Света играла не так. Он постарался сосредоточиться. Вот она подносит к губам инструмент… Вот он следит, как флейта мягко, неуловимо скользит в пальцах… Потом перестает следить – сознание проваливается куда-то, будто в черную дыру. Душа наполняется мелодией – грустной, протяжной, словно плач…
У большеглазой скалолазочки Варвары так не получалось. Собственно, у неё не получалось совсем. Флейта издавала лишь жалобное шипение.
– Отверстия наверху чем-то залеплены, – сердито сказала она: – Илом, что ли?
– Почему ты так решила?
– Не знаю. Но мне кажется, её испортил кто-то…
– Нарочно испортил!
– Нина Васильевна, мне нужно поговорить с Дашей.
Кларова поморщилась.
– Опять вы. Я думала, все уже закончилось.
– Я недолго.
На диване, открыв широкий беззубый рот, лежал чемодан. Юная Дарья деловито складывала туда свои наряды. Вещи Кларовой-старшей огромным тюком покоились рядом, накрытые яркой шалью.

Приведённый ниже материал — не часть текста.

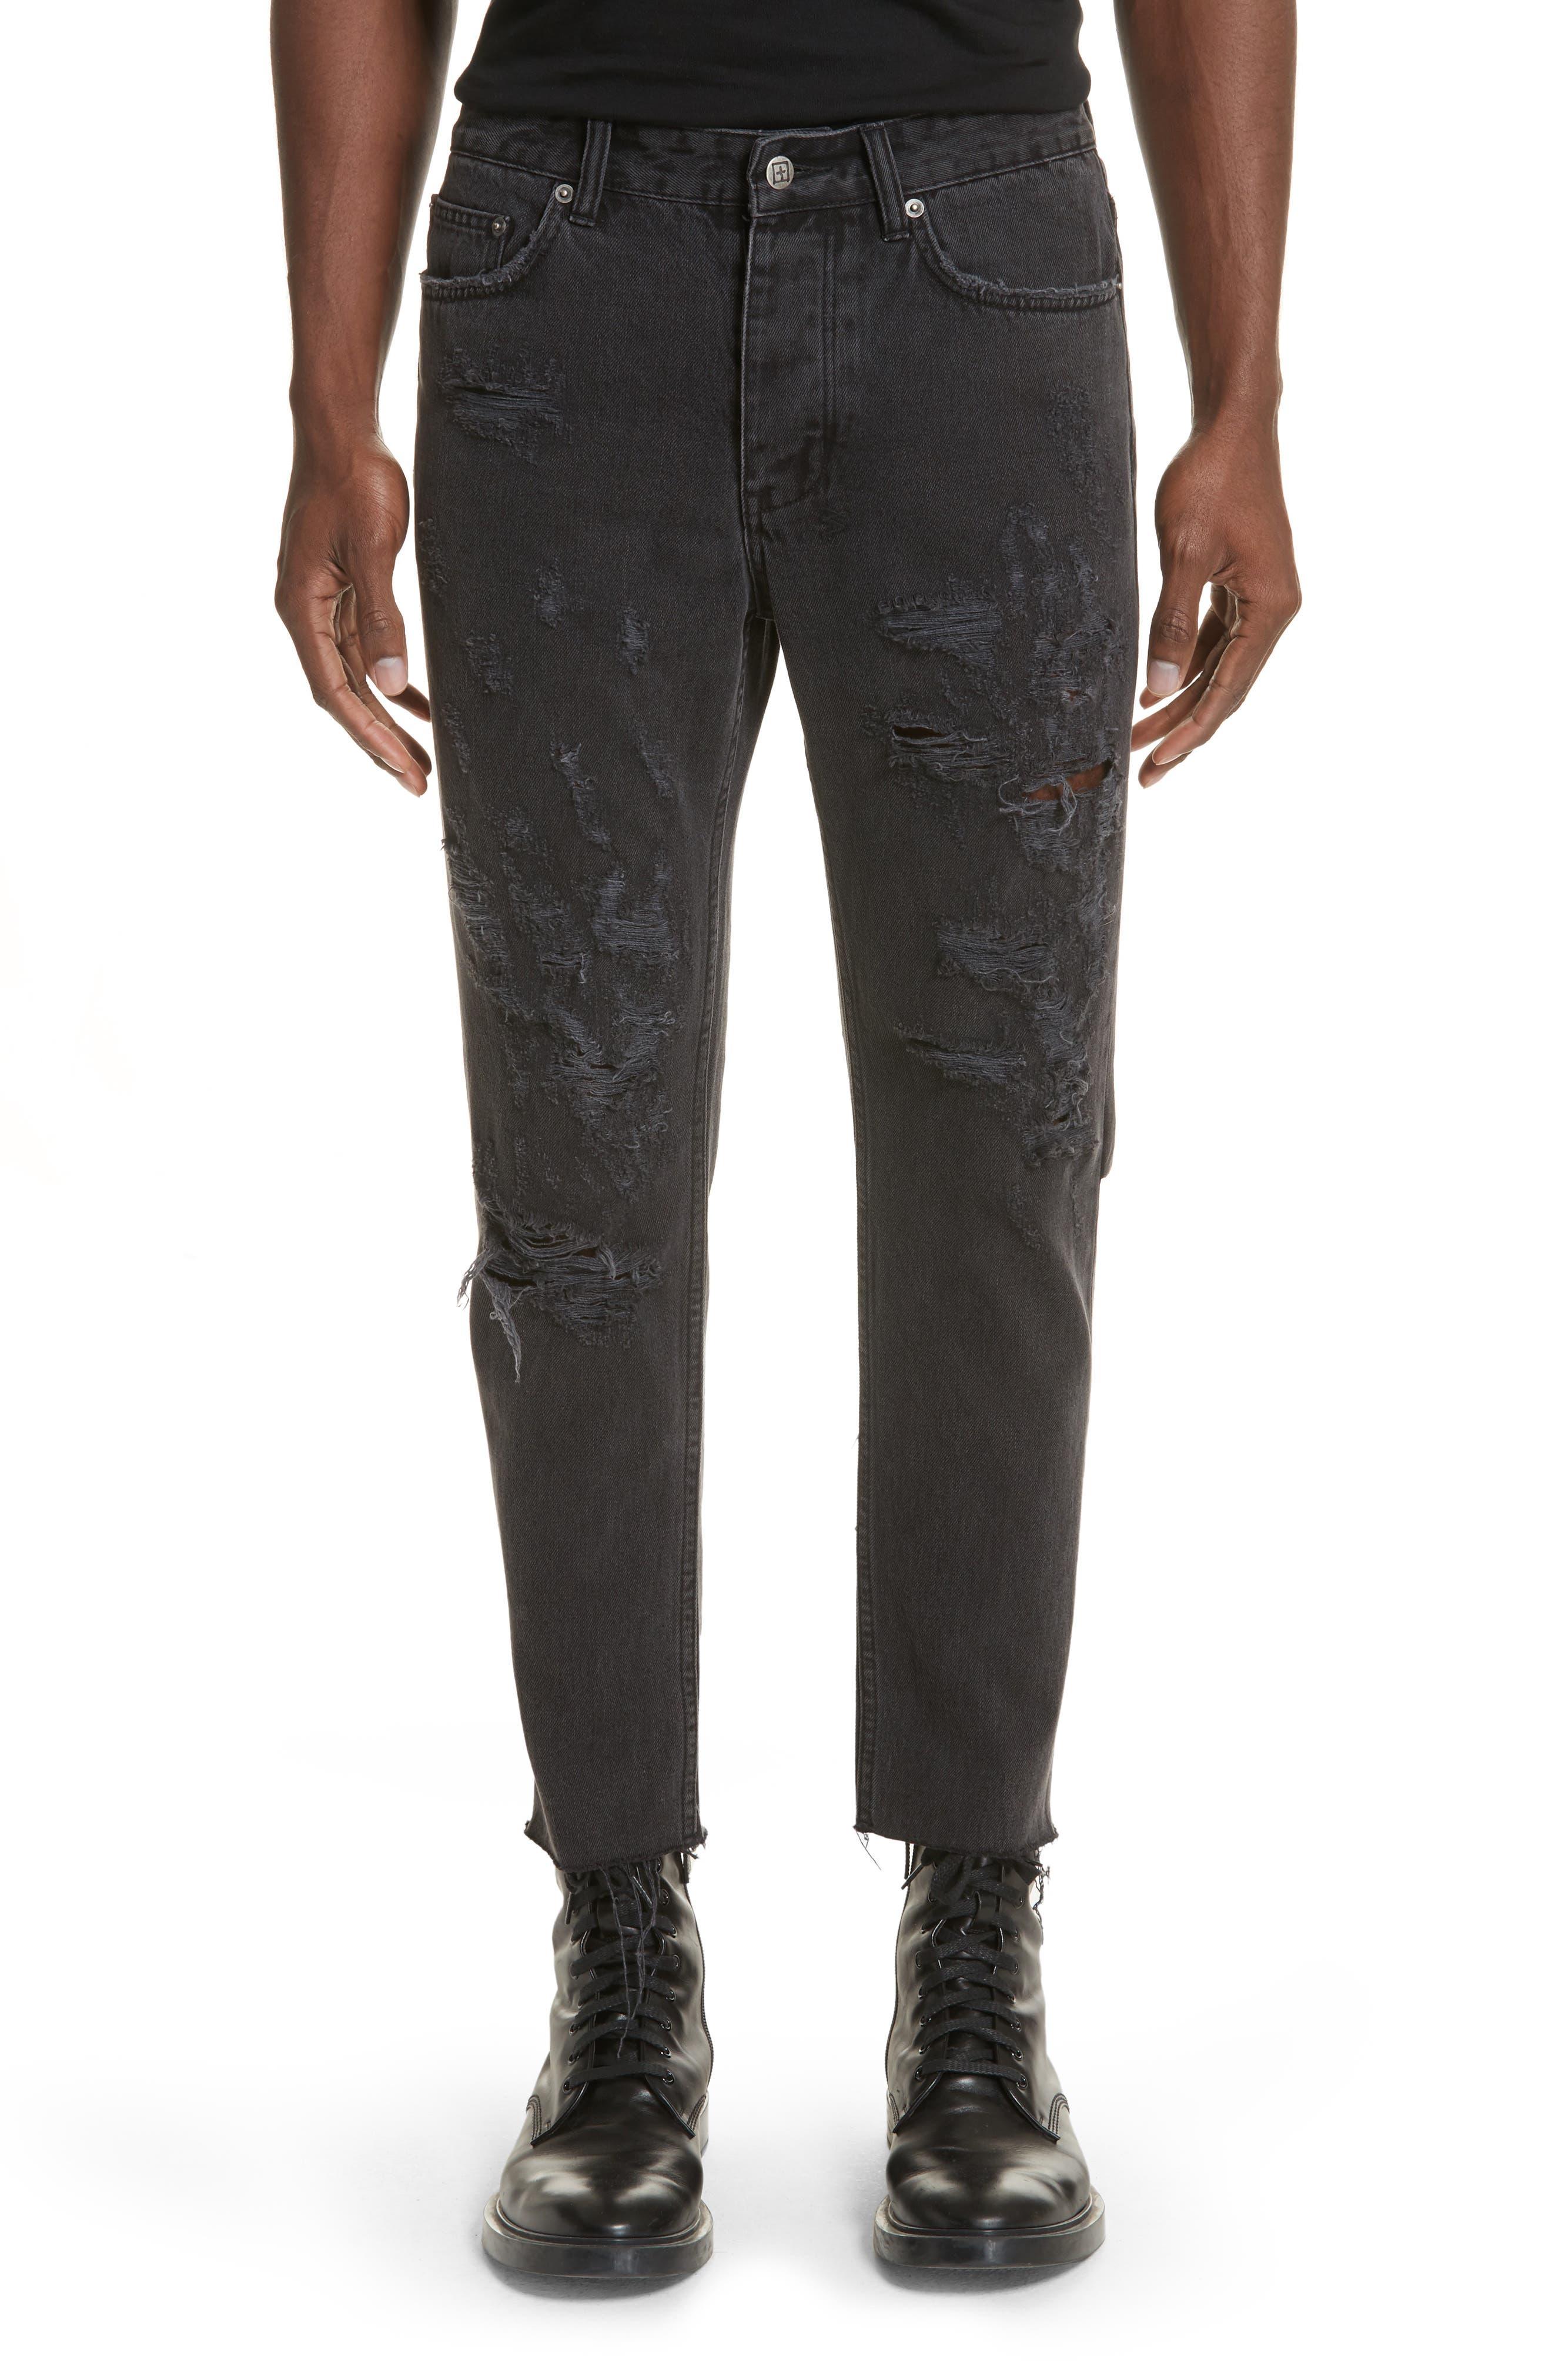 Chitch Chop Rat Attack Jeans,                         Main,                         color, Black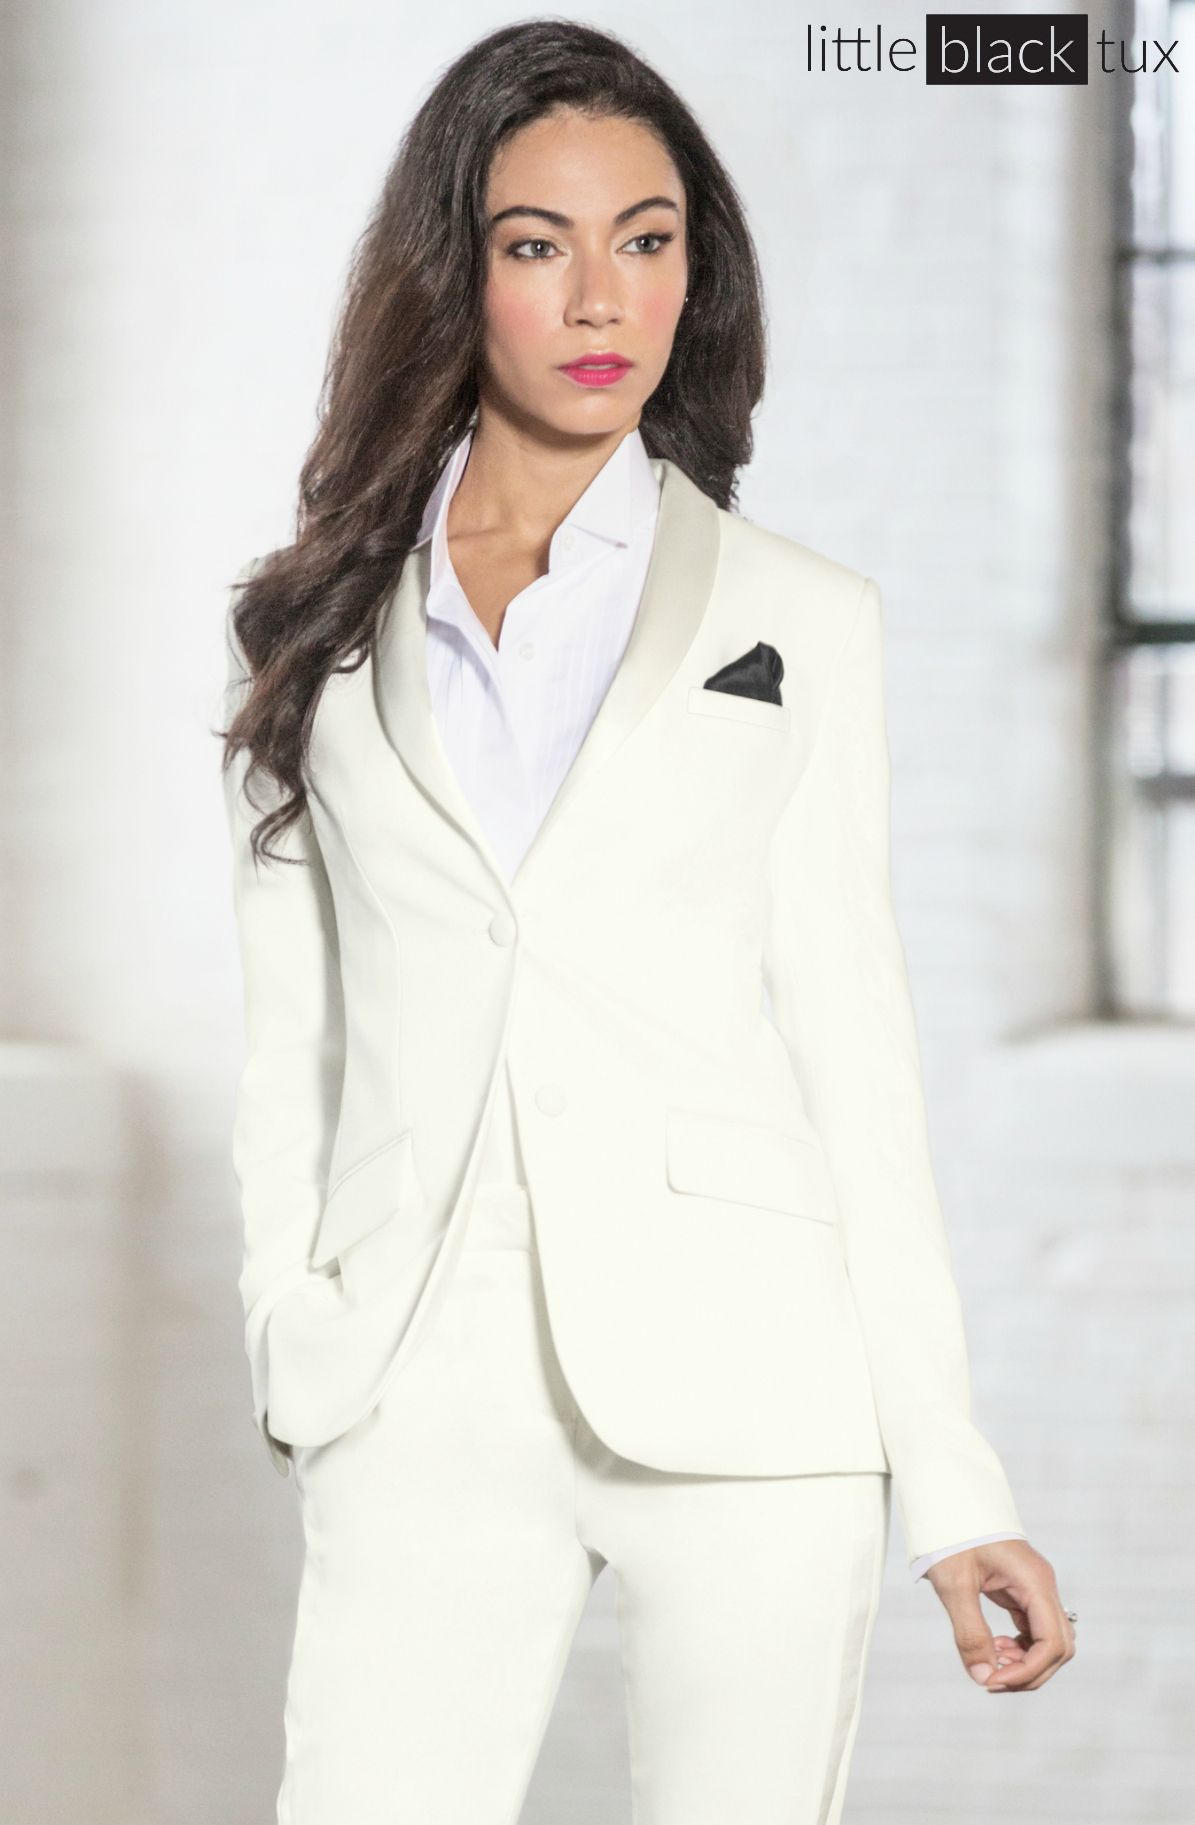 Women S Ivory Diamond White Tuxedo Ladytux Shawl Collar Slim Fit Belt Loops Satin Lapel Female Tuxedo Tuxedo Women Tuxedo Women Suits Bridesmaid Suits [ 1825 x 1195 Pixel ]

– Съезжаете? – светски поинтересовался Сергей Павлович.
– Хорошего помаленьку. Прав был муж, в следующий отпуск поедем в Ялту, к морю. Надеюсь, хоть там не впутаюсь в уголовщину.
– Насчет уголовщины – это вы зря. Дело гораздо серьёзнее… Даша!
– Ну, – буркнула та, не прерывая своего занятия.
– Скажи мне ещё раз, в котором часу вы со Светой пришли с прогулки.
– Я говорила, пятнадцать минут десятого.
– Дядя Слава пришел до вас?
– Они с мамой сидели на диване…
– Прекратите! – взорвалась Нина Васильевна. – Как вам не стыдно! Она ещё ребенок.
– Когда ушла Света?
Даша задумалась,
– Сразу. Почти сразу…
– Через пять минут? Через десять?
– Может, и меньше. Я не засекала.
– Что было потом?
– Я пошла вниз, к дяде Андрею.
– К вахтеру Андрею Яковлевичу? – уточнил Туровский. – Тебя мама отослала?
– Нет, я сама.
Кларова-старшая вцепилась ему в рукав, словно разъяренная кошка.
– Не смейте! – Лицо её стало красным. Волосы растрепались, глаза метали молнии. – Не смейте! Ваши действия насквозь противозаконны!